_ABOUT THIS TASK_
Restate word for word the lines below, from the one containing "Moni Kinder Puzzle" through the final line, with no pictures included.

_RECORDED DATA_
▬▬▬▬▬▬

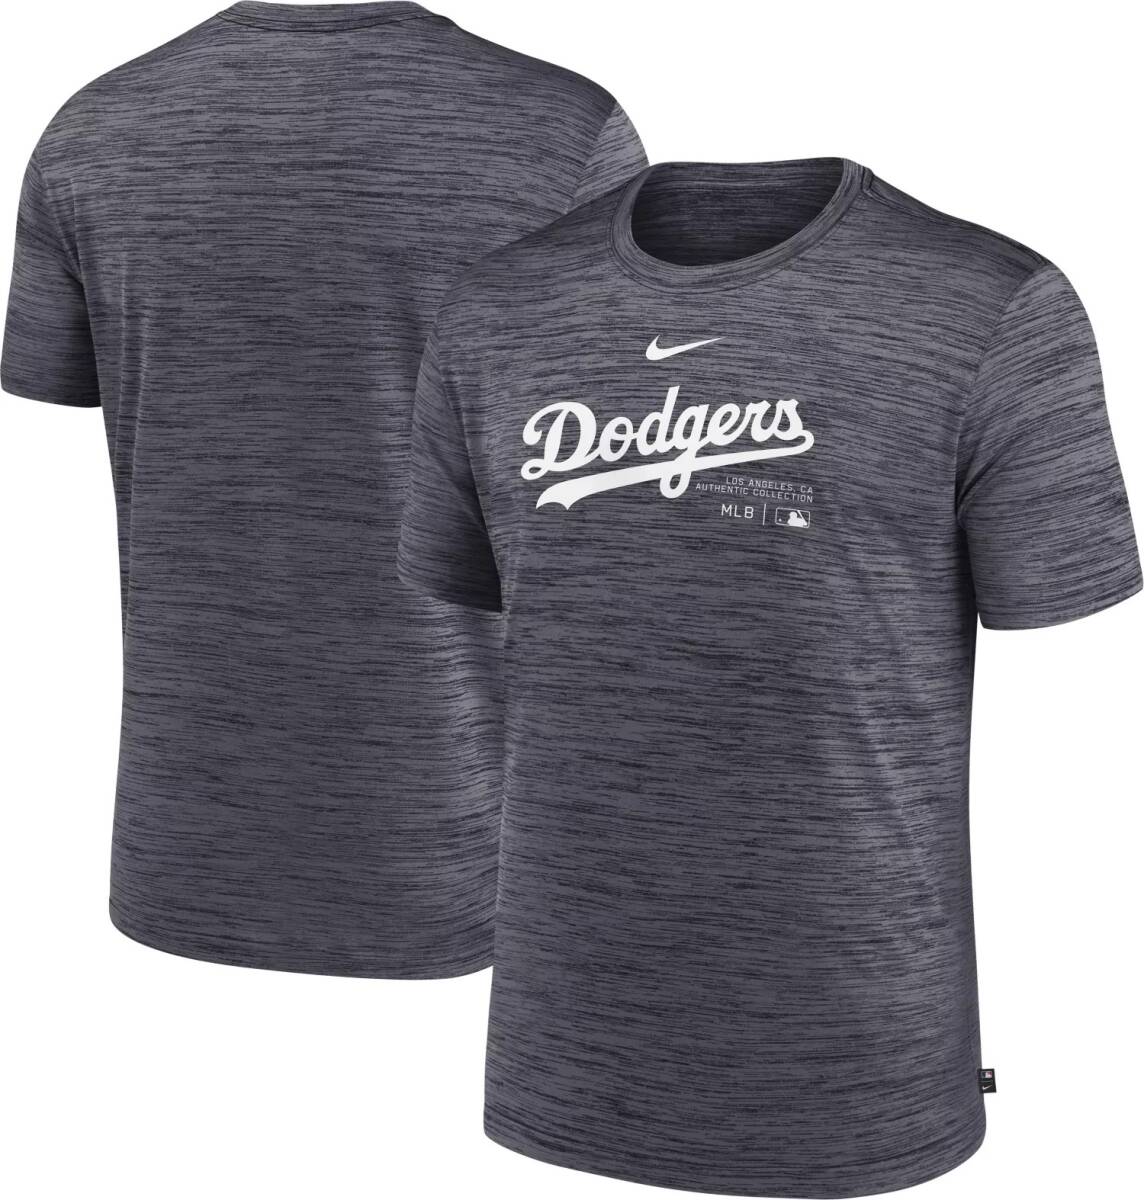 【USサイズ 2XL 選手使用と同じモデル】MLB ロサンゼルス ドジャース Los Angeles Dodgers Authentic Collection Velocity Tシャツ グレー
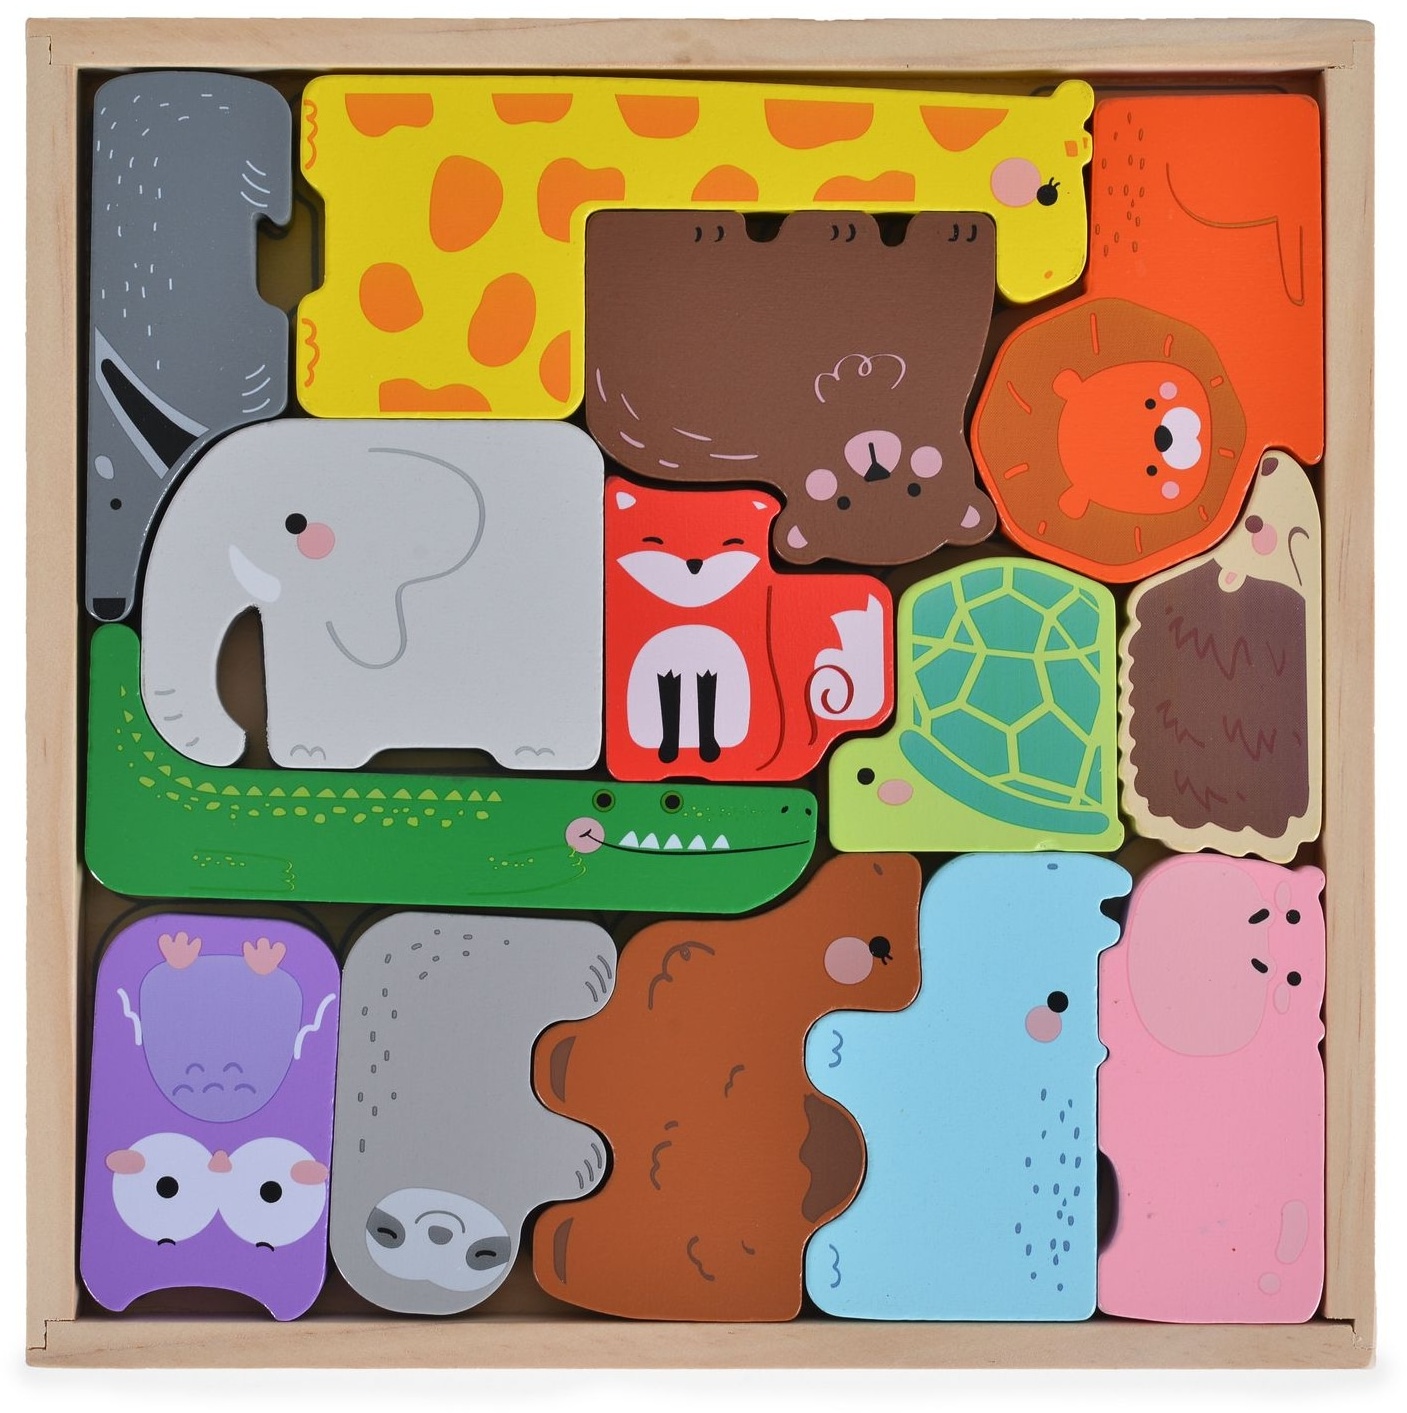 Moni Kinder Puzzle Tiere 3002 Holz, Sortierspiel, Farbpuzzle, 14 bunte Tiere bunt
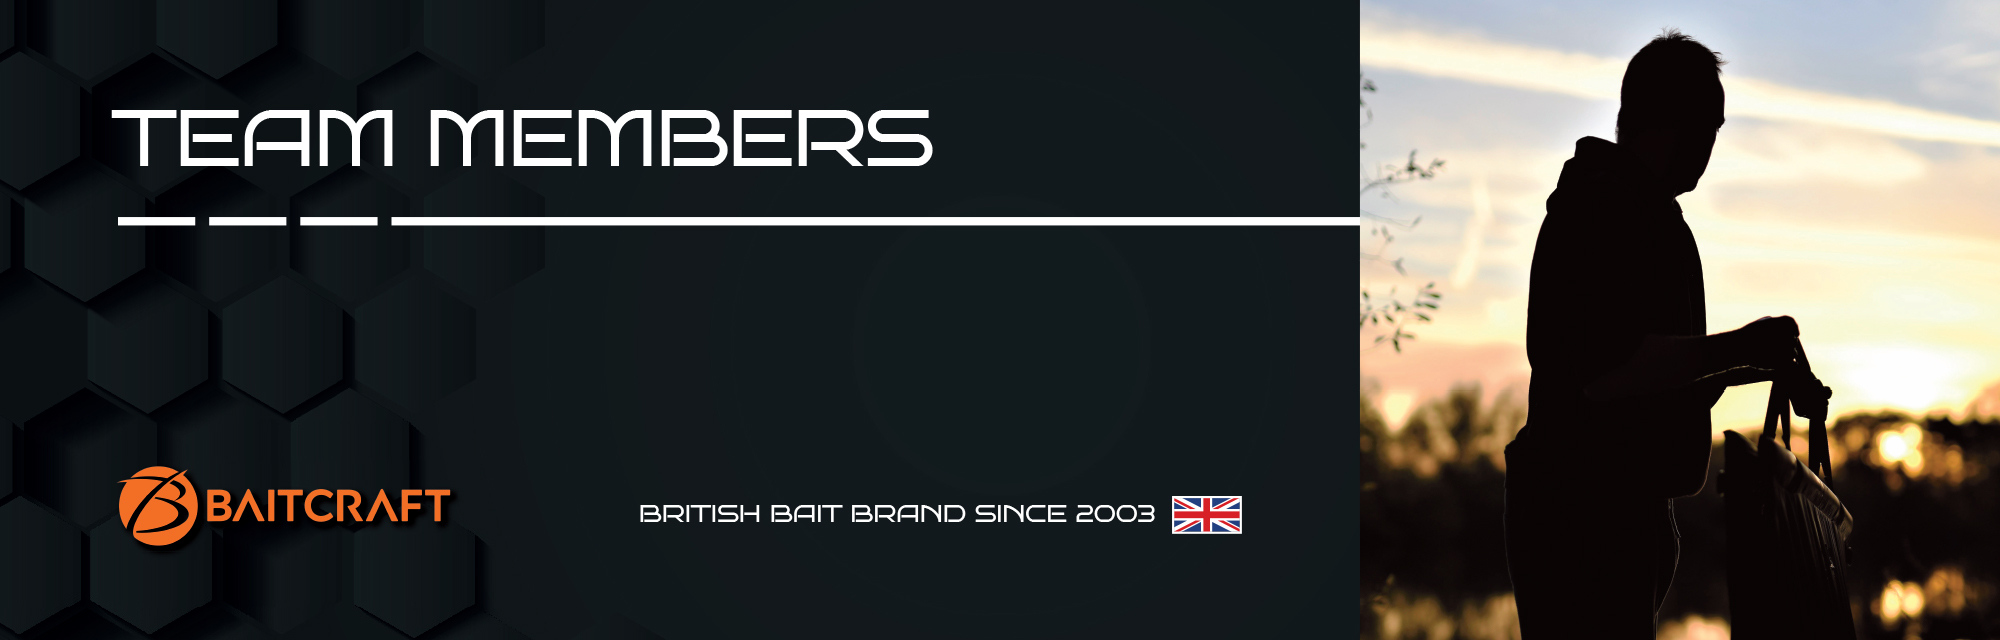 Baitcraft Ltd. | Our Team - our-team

▬▬▬▬▬▬

_TASK RESPONSE_
 Moni Kinder Puzzle Tiere 3002 Holz, Sortierspiel, Farbpuzzle, 14 bunte Tiere bunt
 Baitcraft Ltd. | Our Team - our-team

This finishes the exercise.